Испугались оба страшно.
— Черёд, брат, пришёл, дядя Анисим! Раздевайся!.. Совсем, что ль, раздеваться-то надоть?
— Раздевайся, разувайся начисто.
Они в уголышке торопливо разделись.
— Иди к столу!
Длинный как жердь, худой как скелет, Чернышов Анисим зашагал к столу с самым несчастным видом. Лицо сморщилось, — вот-вот навзрыд заплачет. Милованов Карп стоял перед столом вконец растерянный. Нижняя челюсть у него отвисла, в глазах был страх и ужас. Ноги дрожали и ходуном ходили. Дрожащими руками он почёсывался.
— Куды ложиться-то? — спросил Милованов.
— Зачем ложиться?
— А драть?
— За что ж тебя драть?
— А так, мол… Драть… По положению…
Все расхохотались. Милованов смотрел с недоумением.
— Нет, брат, тебя драть не будут. Пока ещё не за что. Вот сделаешь что, тогда выпорют!
— Покорнейше вас благодарю!
Все опять расхохотались. Оживший Милованов и сам засмеялся.
— Слышь, дядя Анисим, драть-то не будут? Слышишь?
— Слышу! — отвечал Анисим таким равнодушным тоном, словно его нисколько это не интересовало.
Радость сделала Милованова болтливым. Он пришёл в приятное нервное возбуждение, смеялся и готов был болтать теперь без умолку.
— За что суждены-то?
— По подозрению в убивстве! — отчеканил Милованов — обычный каторжный ответ. — Хозяина, стало быть, убили!
— С грабежом?
— Не! Зачем с грабежом! Бог миловал! Ничего не грабили. Так убили.
— За что же убили?
— За что убивают? Известно, за деньги! Такое уже положение чтоб за деньги!
— Хозяйка нас запутала! — мрачно пояснил Анисим.
— Так точно. Денег дала! — подтвердил и Карп.
— Наняли вас, значит?
Карп посмотрел удивлённо.
— Чего ж нас нанимать было? Мы и так в работниках жили!
— А как же, говоришь, деньги?
— Благодарить — благодарила. Это уж как водится. А нанимать… нешто на такие дела нанимают?
Милованов даже расхохотался.
— Ты и убивал?
— Я самый!
— Ну, а ты, Чернышов?
— Не в сознании он! — вставил Милованов.
— Знать я ничего про эти дела не знаю. И слухом не слыхал! Так, Карпушка всё плетёт!
Милованов завертелся.
— Ишь ты, сделай милость! Как что, — так ты. А в ответ, сейчас Карпушку!
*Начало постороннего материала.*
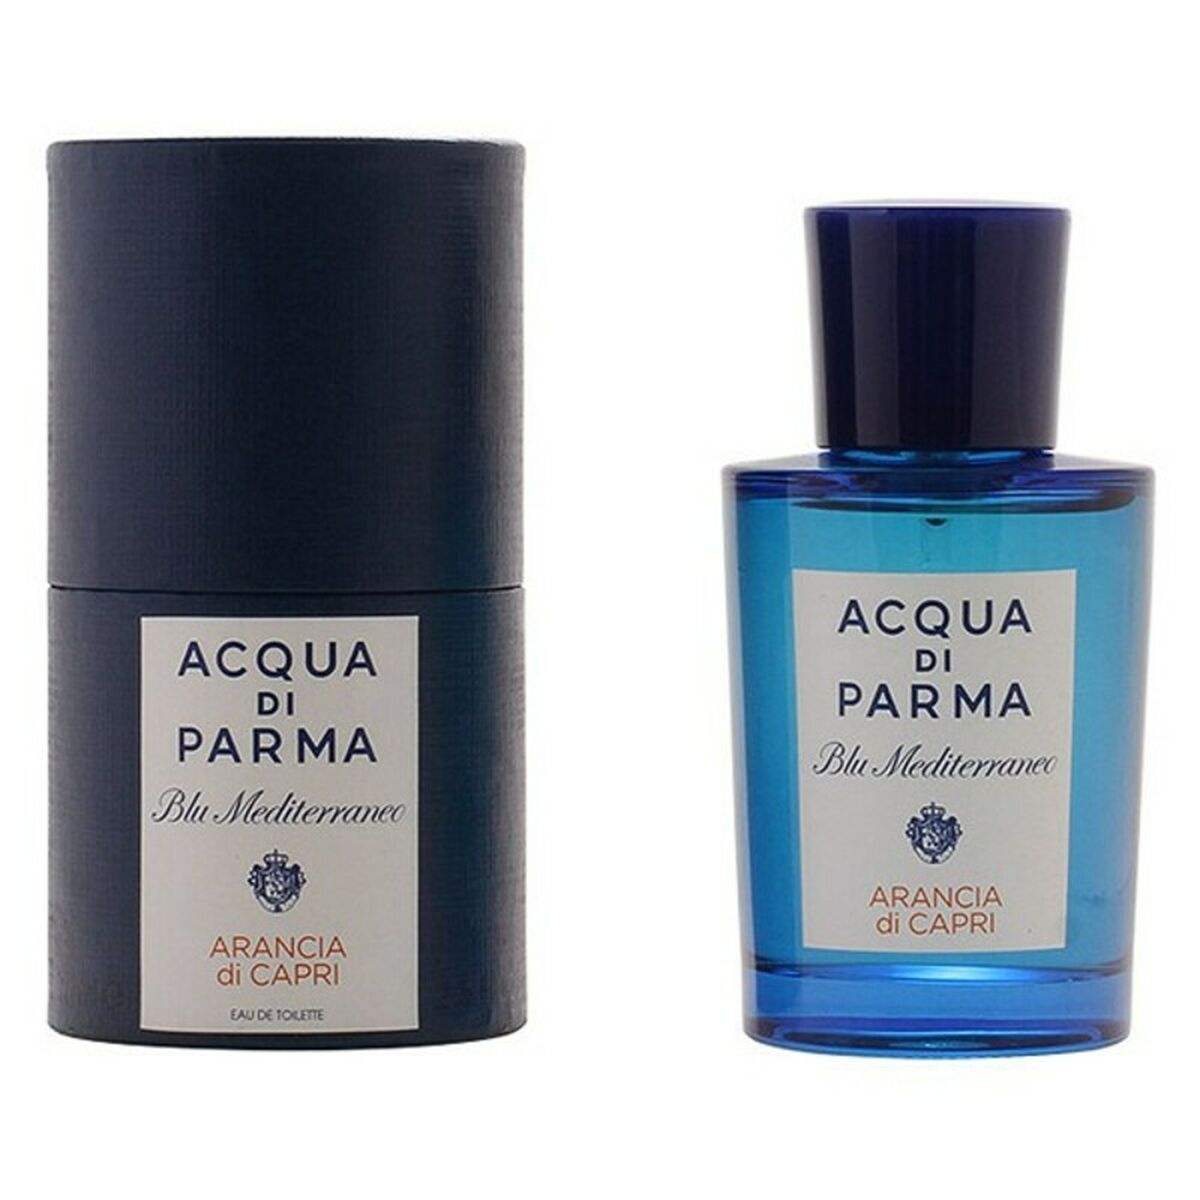 Parfum Homme Acqua Di Parma EDT Blu mediterraneo Arancia Di Capri 75 ml - Acqua Di Parma - Jardin D'Eyden - jardindeyden.fr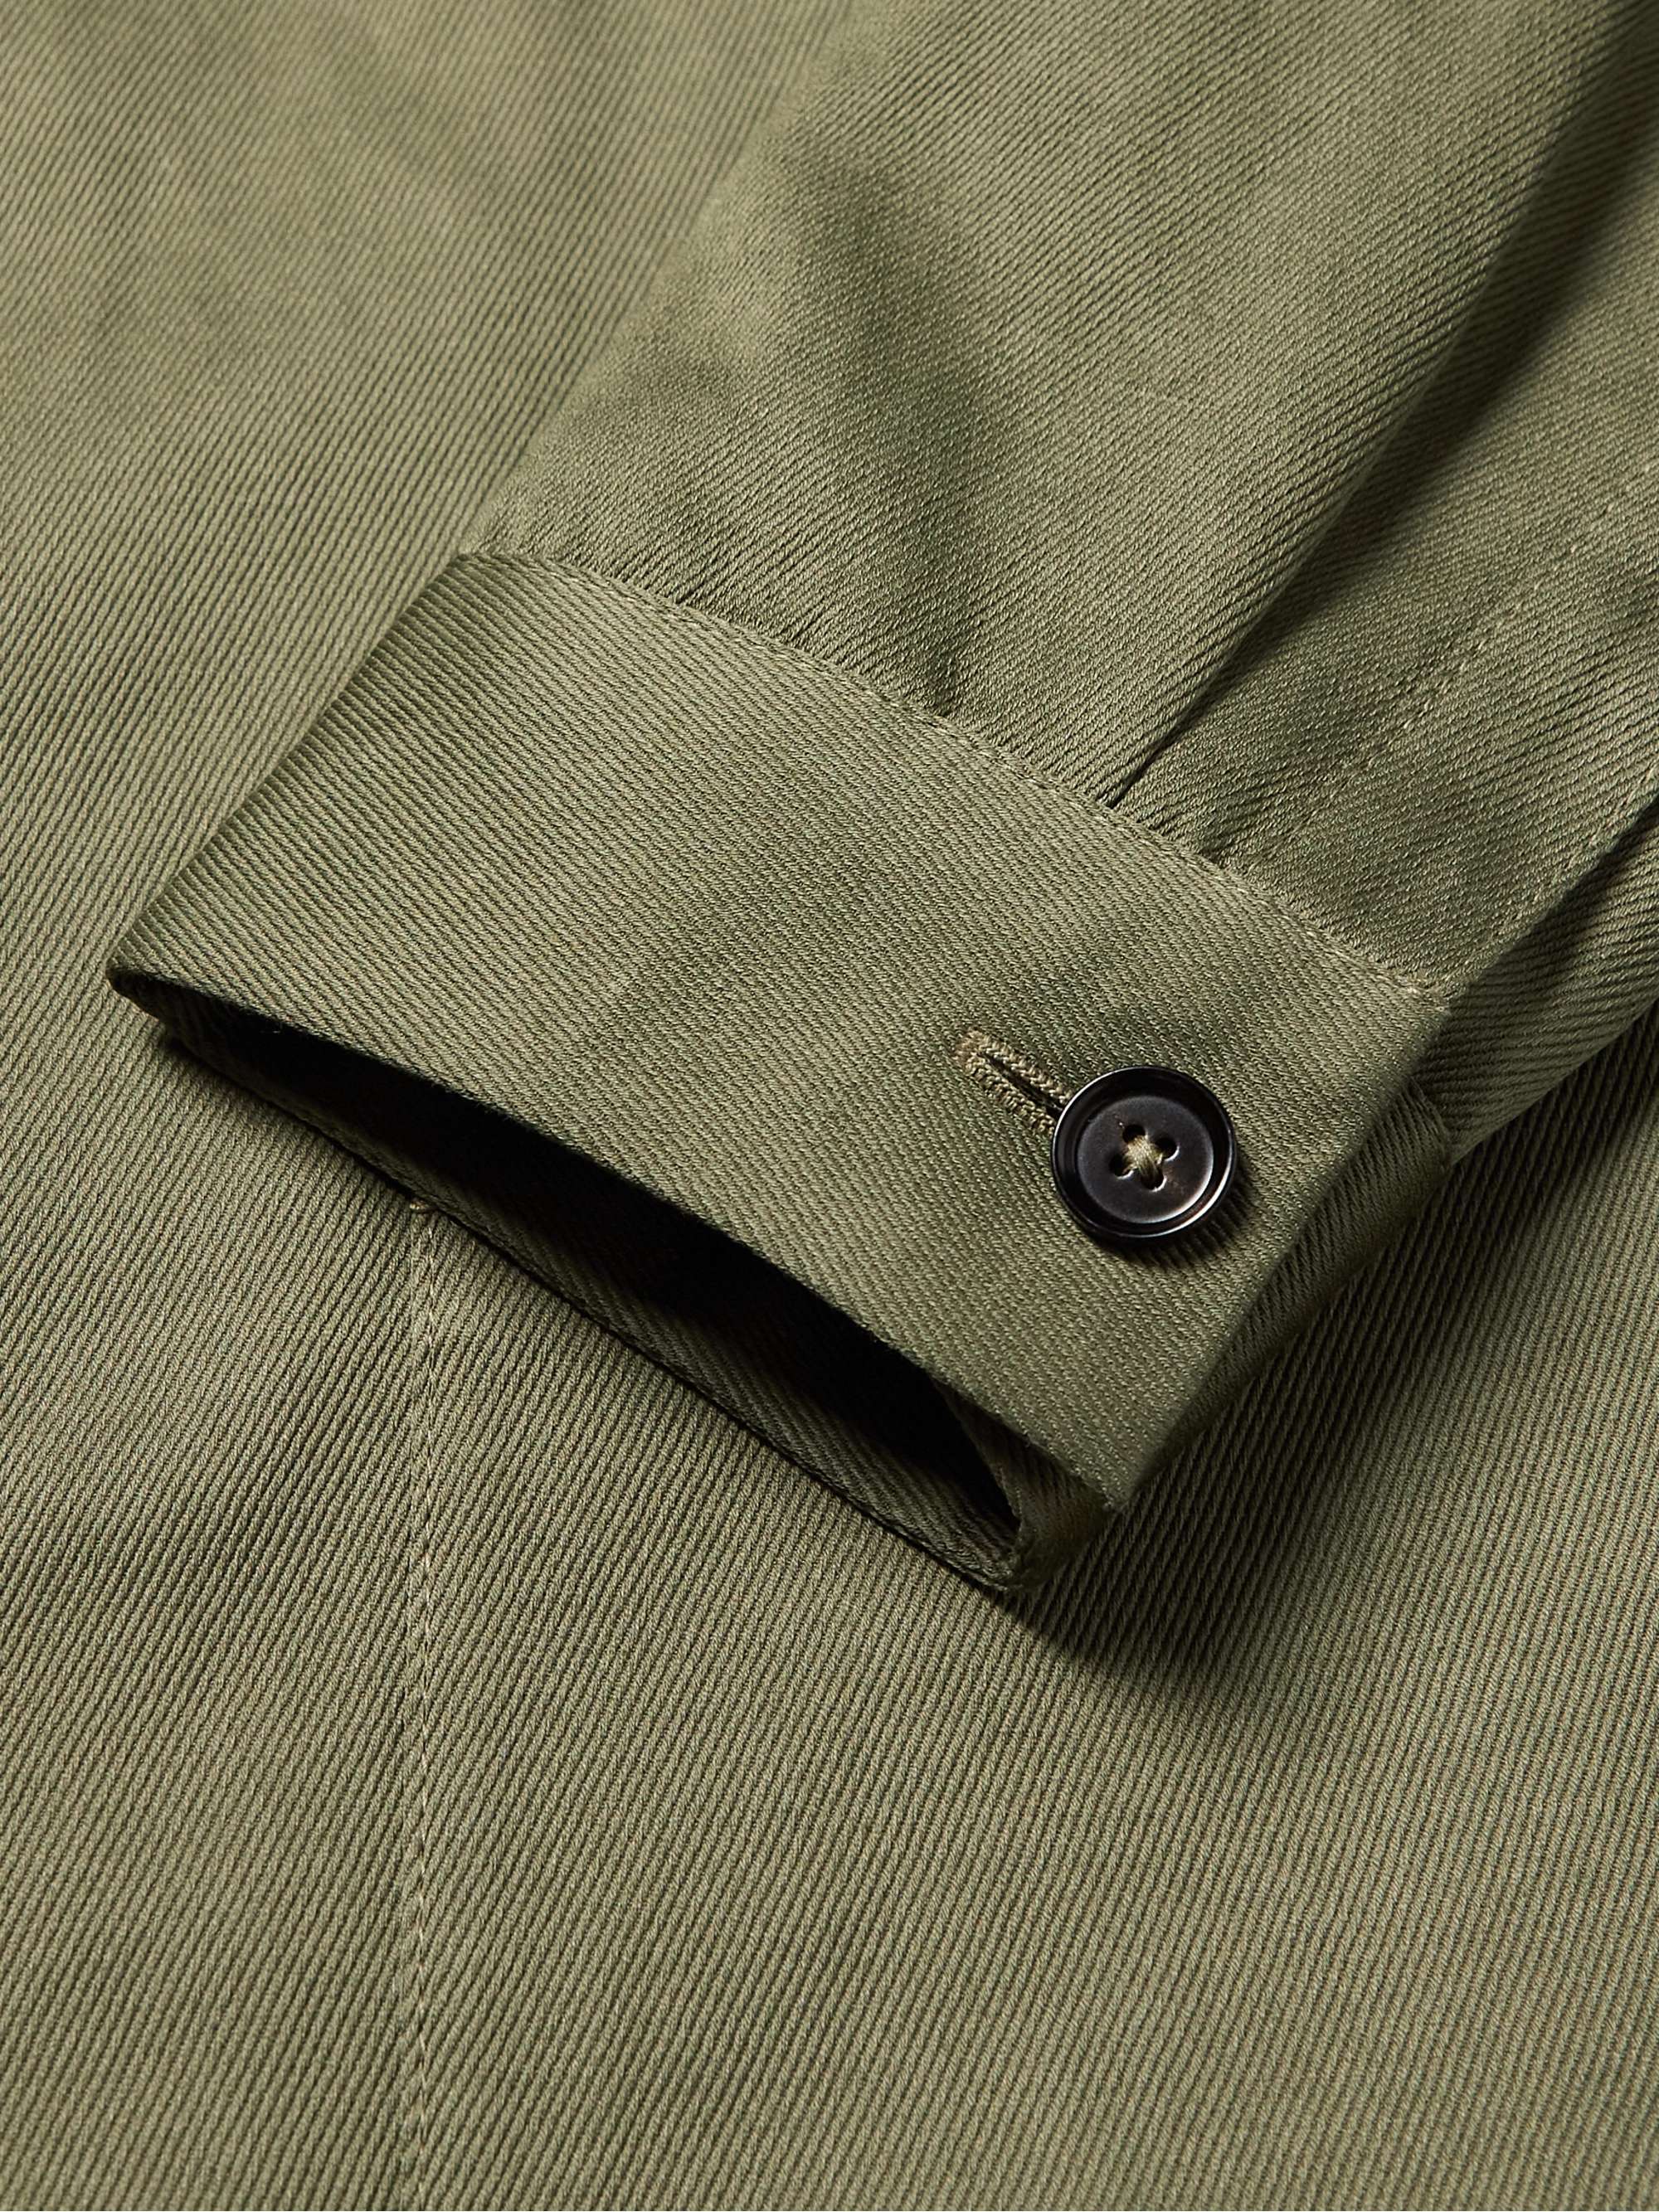 ZEGNA Cotton and Hemp-Blend Gabardine Chore Jacket

Милованов подмигнул нам на Чернышова.
— Хитрый мужик? Куда хитёр! Две души при себе имеет. Одну про себя бережёт. А другу-то про людей, на, поди: чистёхонька! «Не я да не я!» Нет, брат, тут языком-то мести нечего. Уж раз как в каторгу попали, — тут дело ясное! Стало быть, убили!
— Да как же дело-то вышло?
— Да как вышло! Очинно даже просто. Говорю — через бабу!
— В работниках жили! — вставил своё слово Анисим, словно всё объяснил.
— За жалованье?
Милованов так и фыркнул:
— Какое жалованье? Кто нам с дядей Анисимом жалованье положит?
И, действительно, парочка была убогая на редкость. Оба тщедушные, жалкие, слабосильные до последней степени, такие, про которых говорится: «Плевком перешибёшь». Головы у обоих на редкость маленькие, словно пучки какие-то торчат. Лица глупые, возбуждающие жалость. И как их Бог, таких, «не в пору вместе свёл».
— Так, за ради Христа, жили. Я-то шесть годов у хозяина выжил, а дядя Анисим через два года пришёл. Верно говорю, дядя Анисим?
— Четыре года об вешнем Николе было. Это верно! — подтвердил Чернышов.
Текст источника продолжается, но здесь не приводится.